1. Field of the Invention
The present invention relates in general to a thermal transfer image printer and, particularly, to a signal processing system for compensating for nonlinearities and spectral response characteristics of the colored dyes used in the thermal transfer printing ribbon.
2. Description of the Prior Art
With the advent of video tape recorders and other sources of video signals such as portable video cameras and the like, it has become desirable to be able to produce a full-color, hard-copy print of the image displayed on a television receiver or video monitor. Additionally, there has been recently proposed an electronic still camera that does not require photographic film but records signals representing the image on a magnetic sheet, the magnetic sheet then being played back for visual display of the still image on a television receiver or video monitor. It is very desirable that this electronic still camera be able to produce a full-color, hard-copy print from the signals recorded on the magnetic record. Thus, there have been proposed thermal-transfer, color-image printers, in which a thermal head having a number of energizable heating elements is used in conjunction with a ribbon or transfer film having several primary colored dyes individually applied to it. This ribbon having the colored dyes on it is arranged between the thermal head and a sheet of paper or similar medium and, upon excitation of the thermal head, the heat causes the dye to be transferred from the ribbon onto the paper. By scanning the magnetically recorded image signals and moving the paper and the ribbon in a corresponding fashion a full-color, hard-copy print may be produced from the magnetically recorded image.
In this proposed thermal printer, the image signals are arranged as in a conventional television display and one vertical column of the recorded image is printed at a time, thereby requiring the thermal head to have a number of heat elements corresponding to the number of horizontal scan lines making up one frame of the recorded video signal. In order to have realistic results, the color print produced must have a number of shades or densities of the various colors and combinations of colors provided by the colored dye ribbon. Therefore, the gray scale levels of the colors making up the recorded image must be accurately transferred to the print. While the circuitry to accomplish this is known, a problem arises in that the response of each of the dye colors is not linear over the full range of densities necessary to produce a realistic print. That is, the response of each color dye is linear for only a portion of the density curve, this linear portion is usually used to determine the slope of the response curve and is typically referred to as the gamma curve of the dye. Accordingly, when producing a color print with the thermal head and colored dye transfer ribbon it is necessary to compensate for the non-linearities in the dye response, and this is typically called gamma compensation.

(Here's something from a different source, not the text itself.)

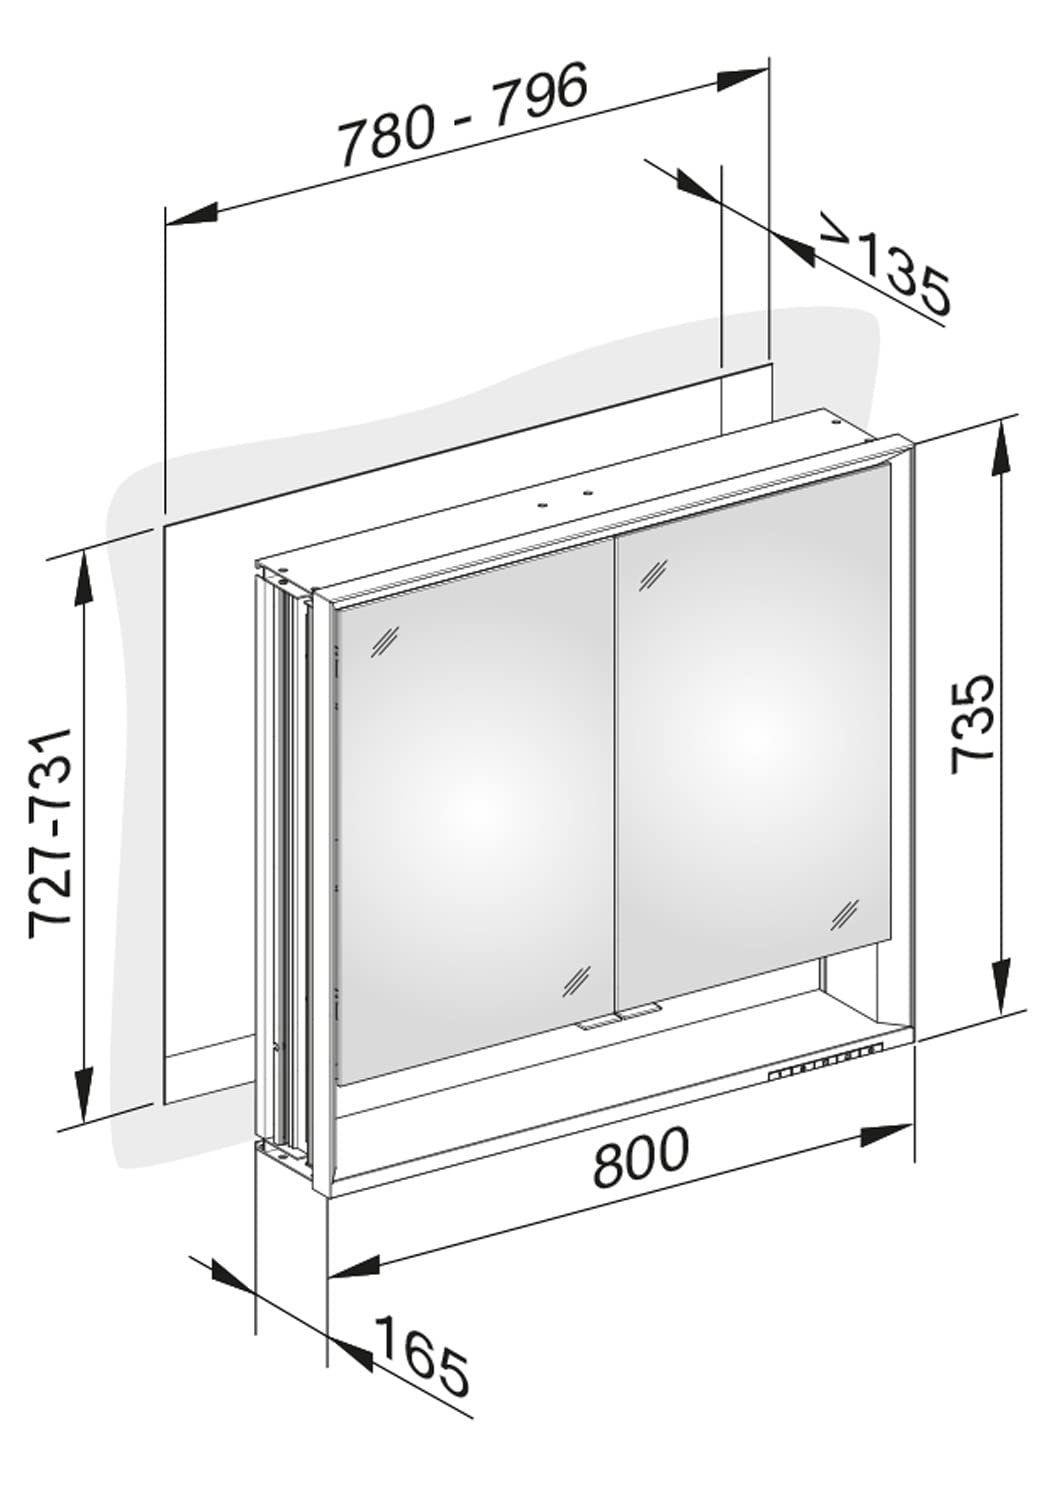 (Badezimmerspiegelschrank dimmbar, 2-türig, cm Aluminium-Korpus, Royal LED) Spiegelschrank einstellbare Lichtfarbe, Beleuchtung Keuco Lumos mit 80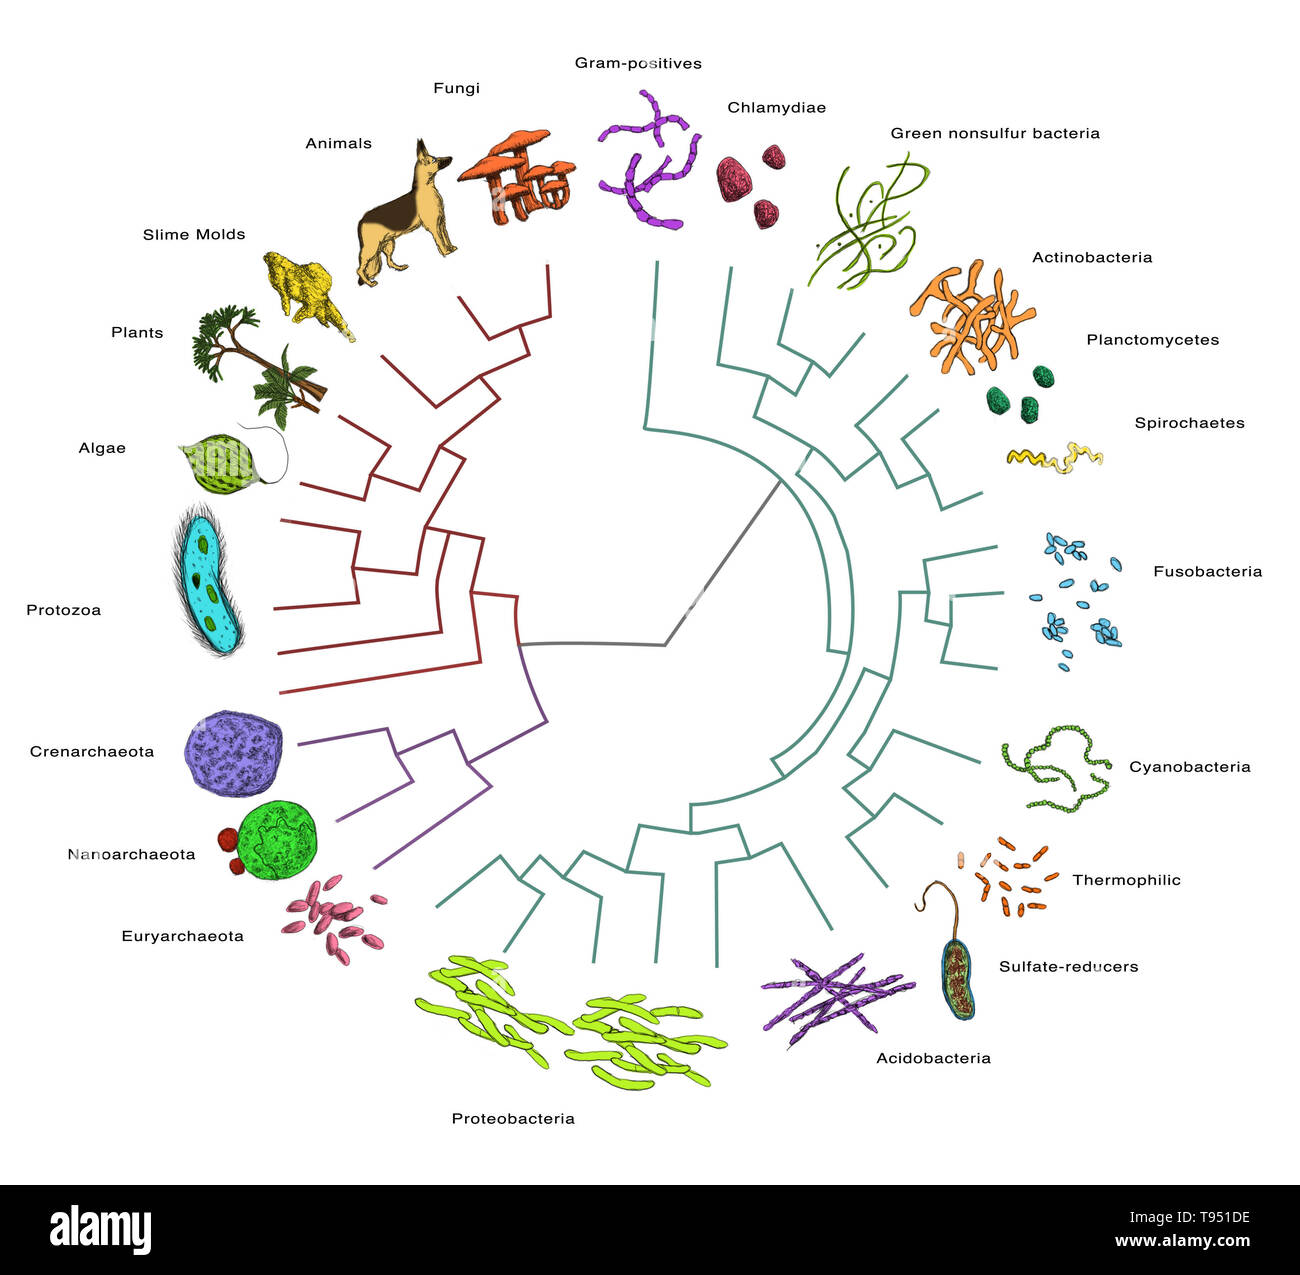 Filogenético o evolutivo), árbol que muestra las relaciones evolutivas  entre varias especies, principalmente bacterias Fotografía de stock - Alamy

Various systems have been proposed to provide gamma compensation, that is, to account for nonlinearities in the density response of the various colored dyes employed in the thermal transfer ribbon, and a further problem is presented in that the density-versus-wavelength response of the three primary color dyes employed in the ribbon are not separate and distinct. That is, there are overlapping portions in the response curves of the three color dyes, and the result of this overlapping is that some colors will appear to be over-modulated or exaggerated, because when that color is printed to its maximum density a portion of one or both of the other colors is printed to a lesser extent. Thus, while gamma correction is known in thermal transfer color printer a further problem is presented in that no color correction relative to the color dye response is available.